Editorials

Global public health and the information superhighway

BMJ 1994; 308 doi: https://doi.org/10.1136/bmj.308.6945.1651 (Published 25 June 1994) Cite this as: BMJ 1994;308:1651
  1. R E LaPorte,
  2. S Akazawa,
  3. P Hellmonds,
  4. E Boosrom,
  5. C Gamboa,
  6. T Gooch,
  7. F Hussain,
  8. I Libman,
  9. E Marler,
  10. K Roko,
  11. F Sauer,
  12. N Tajima

    New technology can vastly improve the accumulation and dissemination of information on public health.1 Vice President Al Gore has written that the United States's current national information policy “resembles the worst aspects of our old agricultural policy, which left grain rotting in thousands of storage files while people were starving.

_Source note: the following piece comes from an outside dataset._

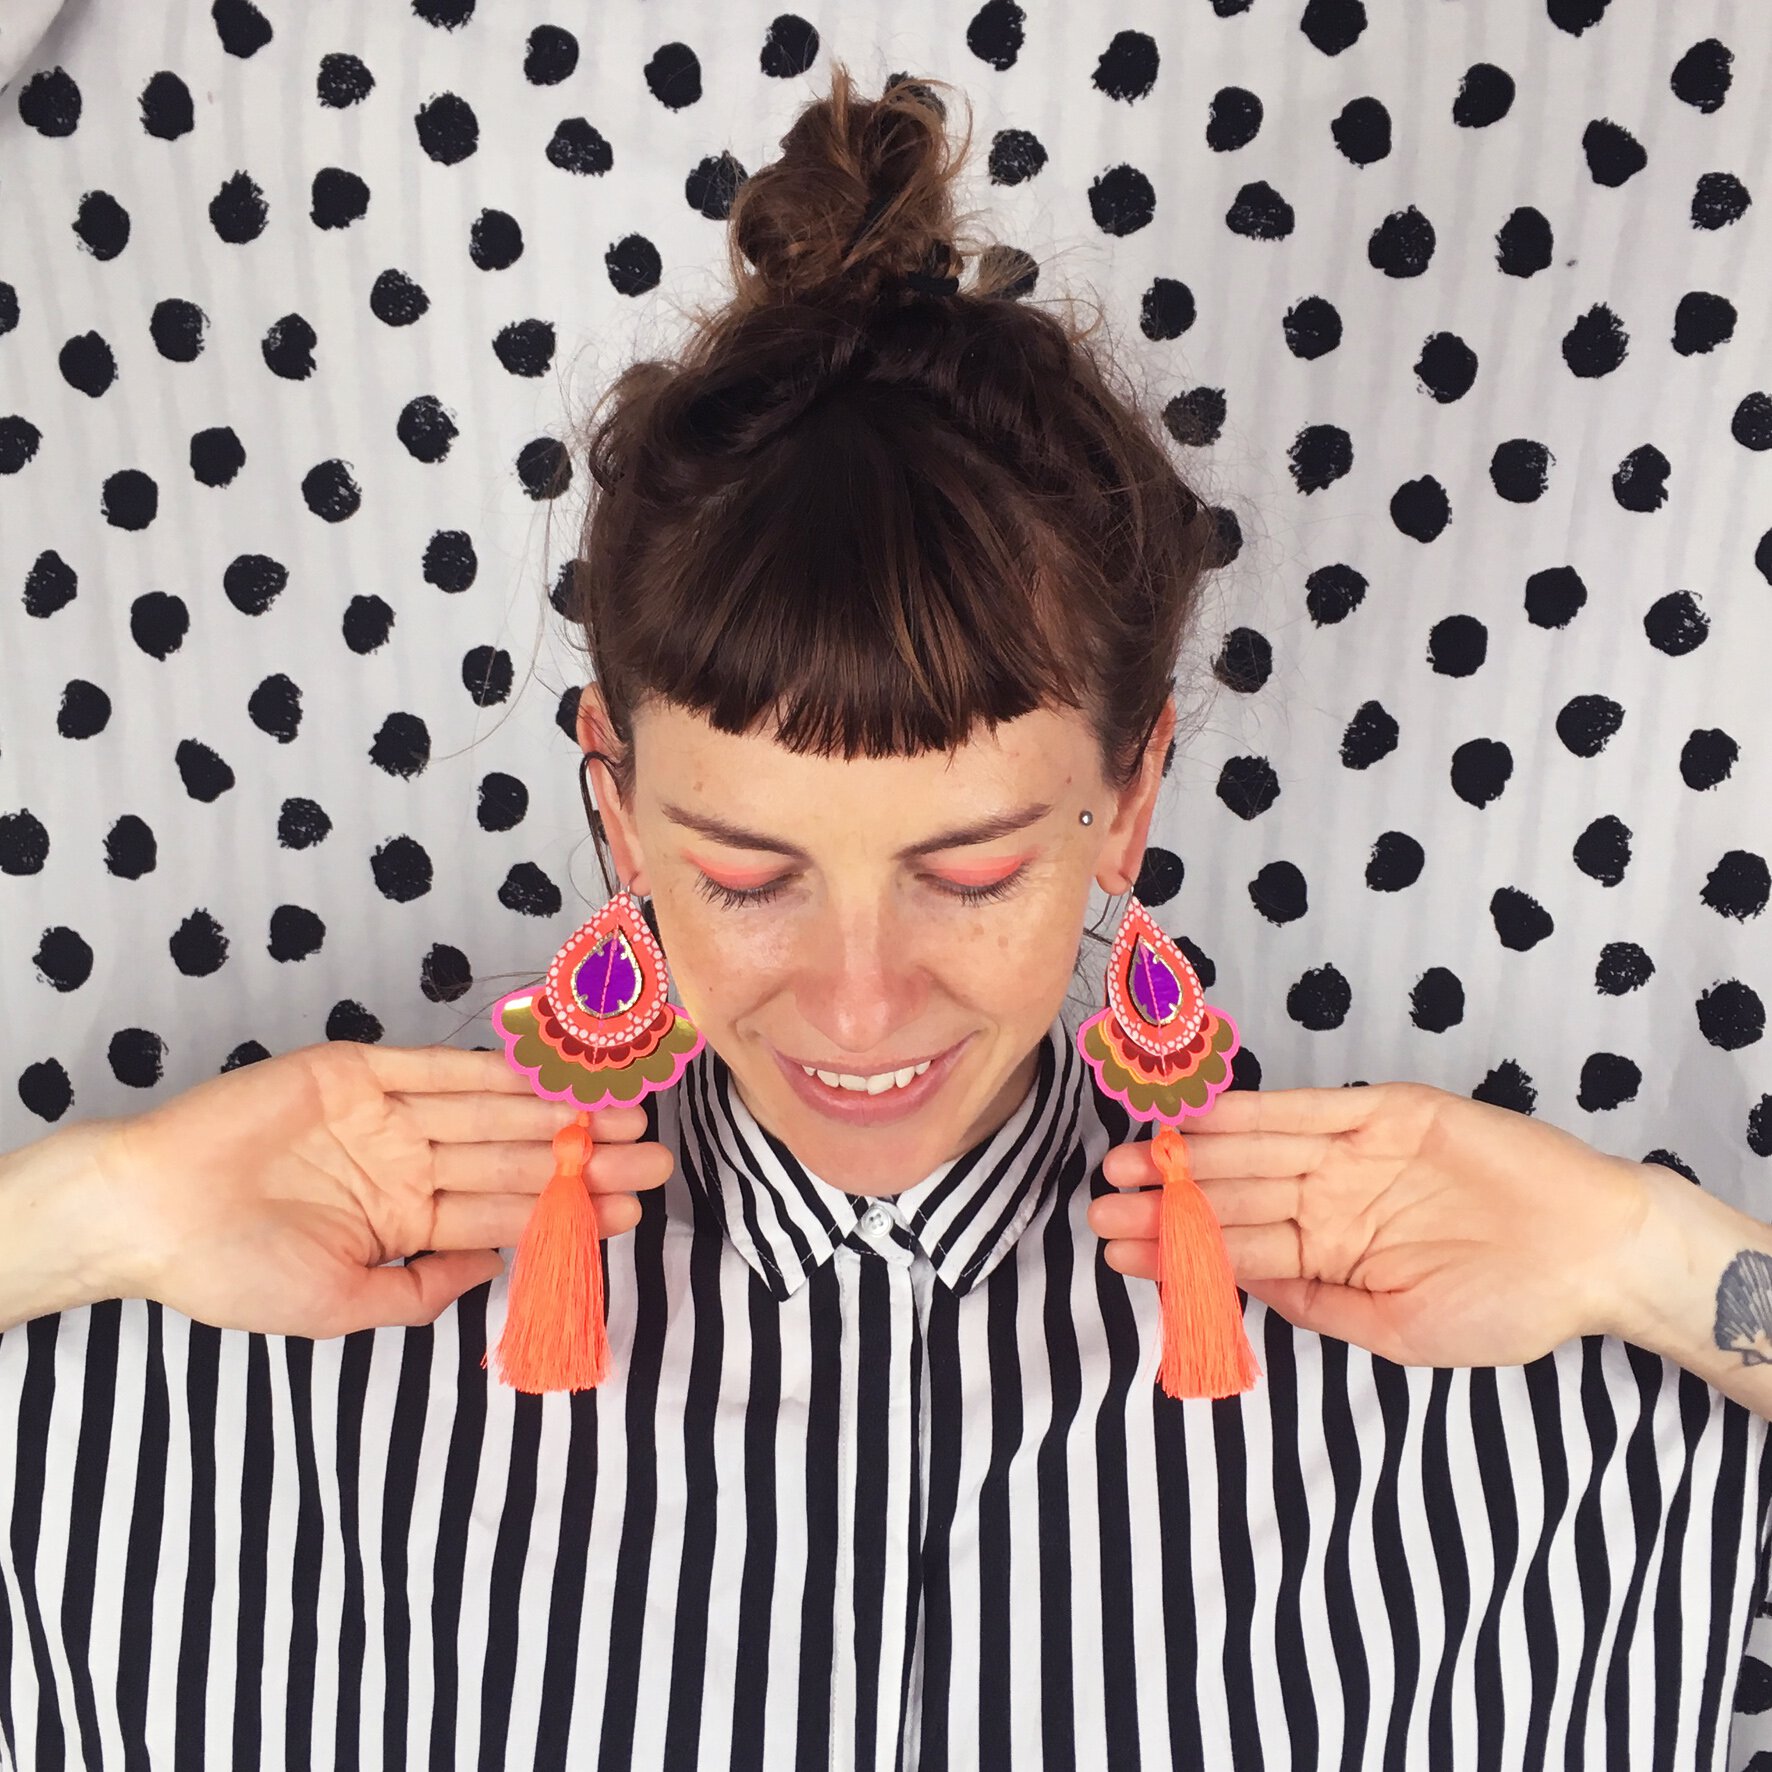 dakota rae dust designer bec wears a black and white stripey shirt and fluorescent orange tassel earrings against a polka dot patterned backdrop

We have warehouses of unused information ‘rotting' whole critical questions are left unanswered and critical problems are left unsolved.”2 This also reflects the status of global public health: we have vast repositories of “warehoused” information on health, nutrition, the environment, demography, and society. Telecommunication systems will give us access to this. Moreover, much of public health and prevention depends on the transfer of information, which telecommunication systems provide very cost effectively.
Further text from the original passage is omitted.